### Data

------------

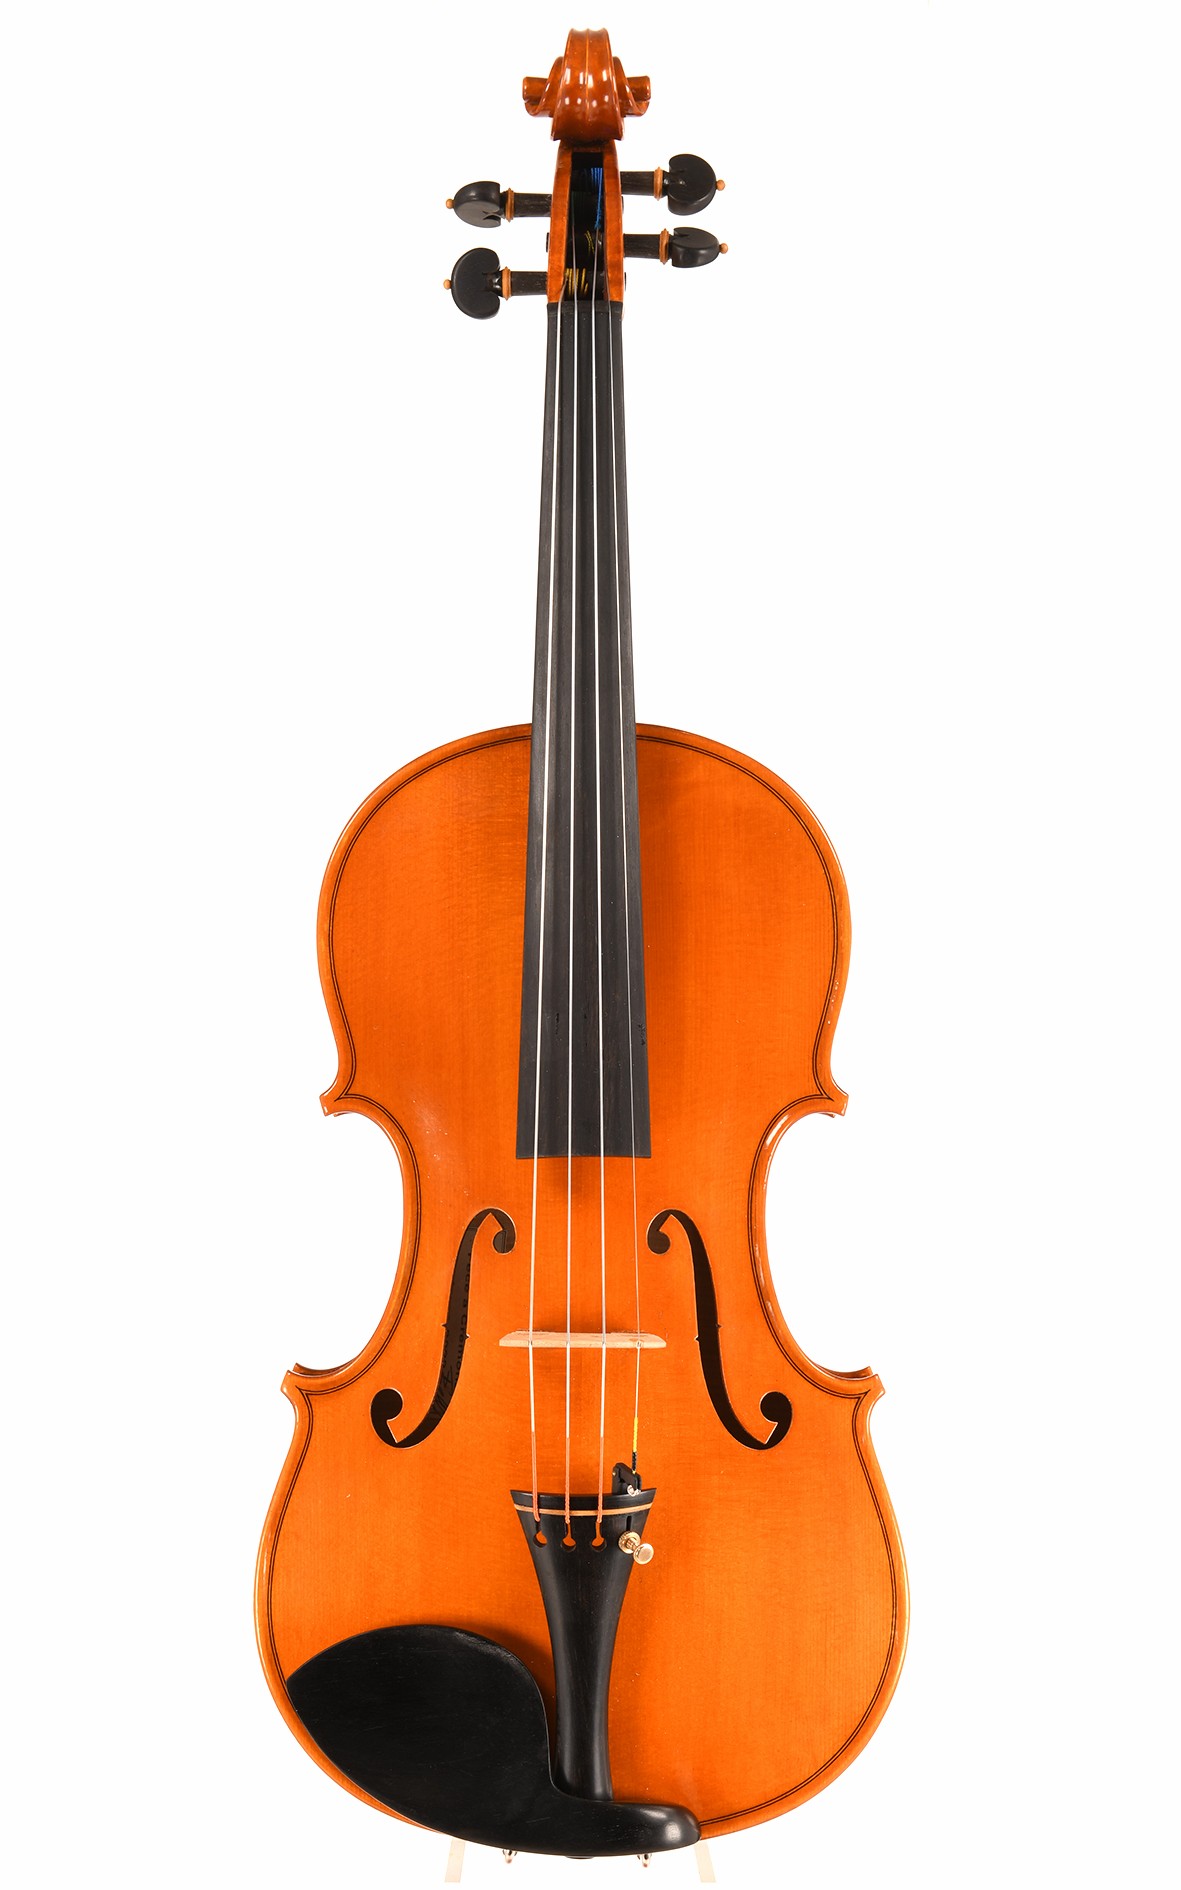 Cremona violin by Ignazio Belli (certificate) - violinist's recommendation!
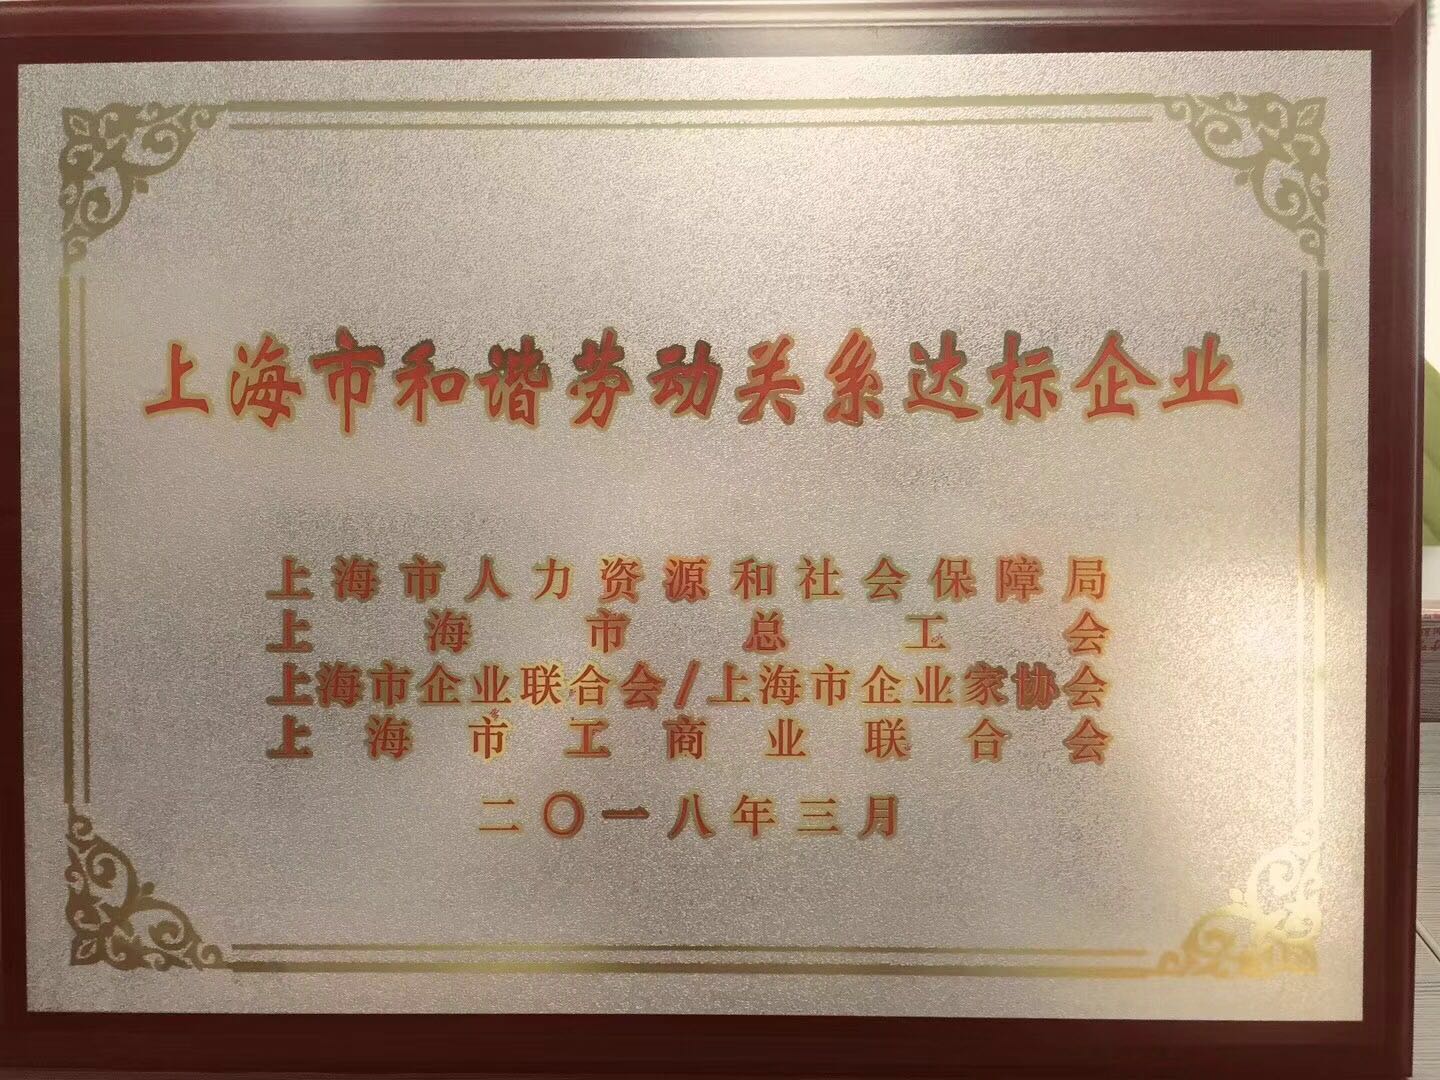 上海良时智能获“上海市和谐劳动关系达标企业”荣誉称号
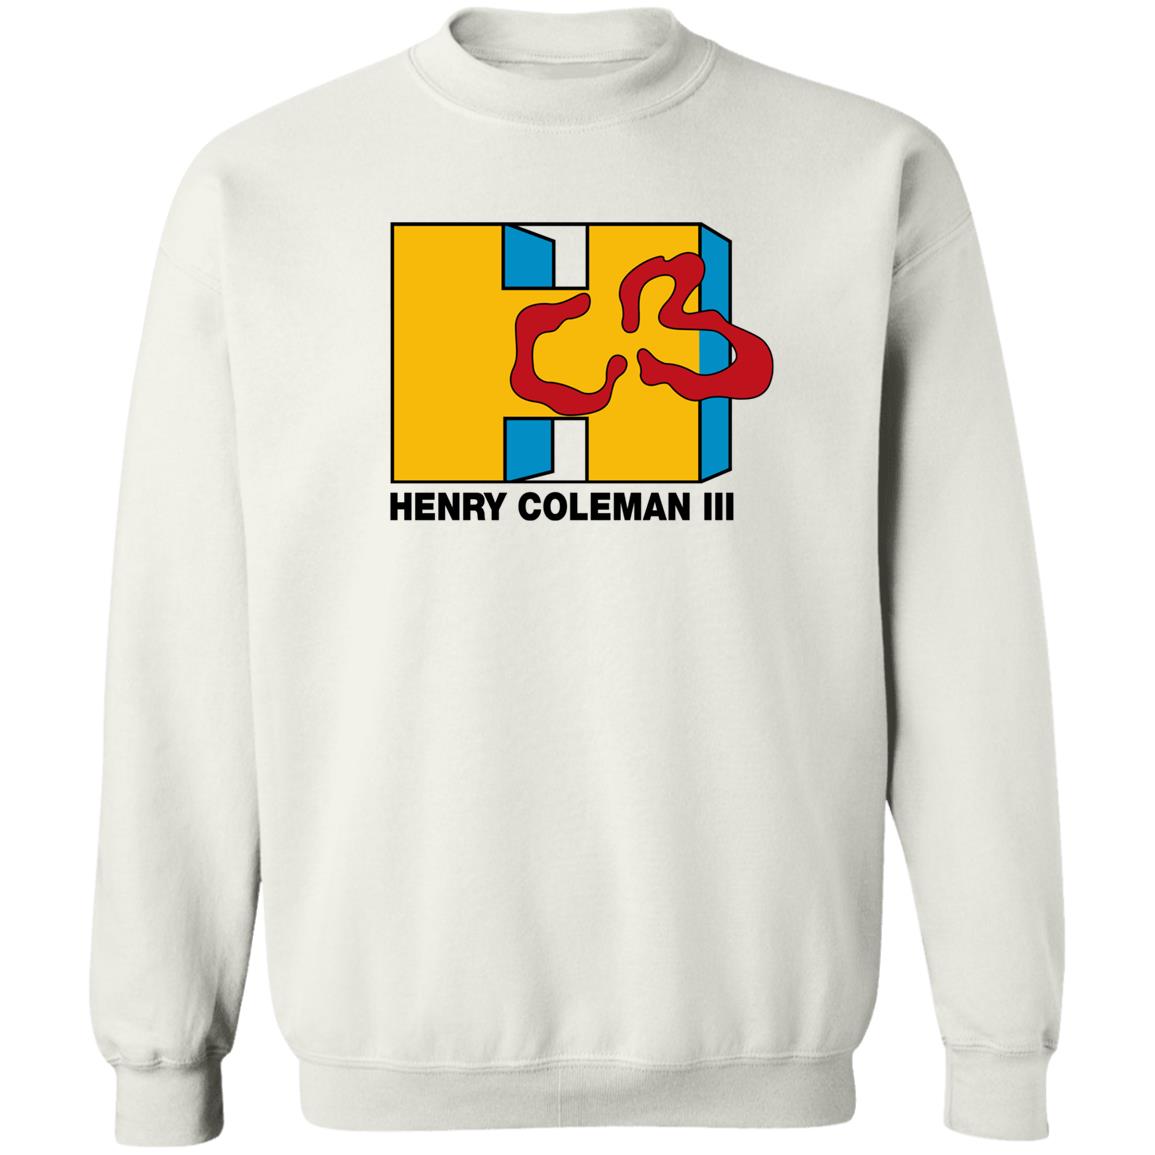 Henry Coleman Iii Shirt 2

------------

### Task to complete
Set down the material above exactly as it reads, but not its pictures.

### Answer to this problem
 Cremona violin by Ignazio Belli (certificate) - violinist's recommendation!
 上海良时智能获“上海市和谐劳动关系达标企业”荣誉称号
 Henry Coleman Iii Shirt 2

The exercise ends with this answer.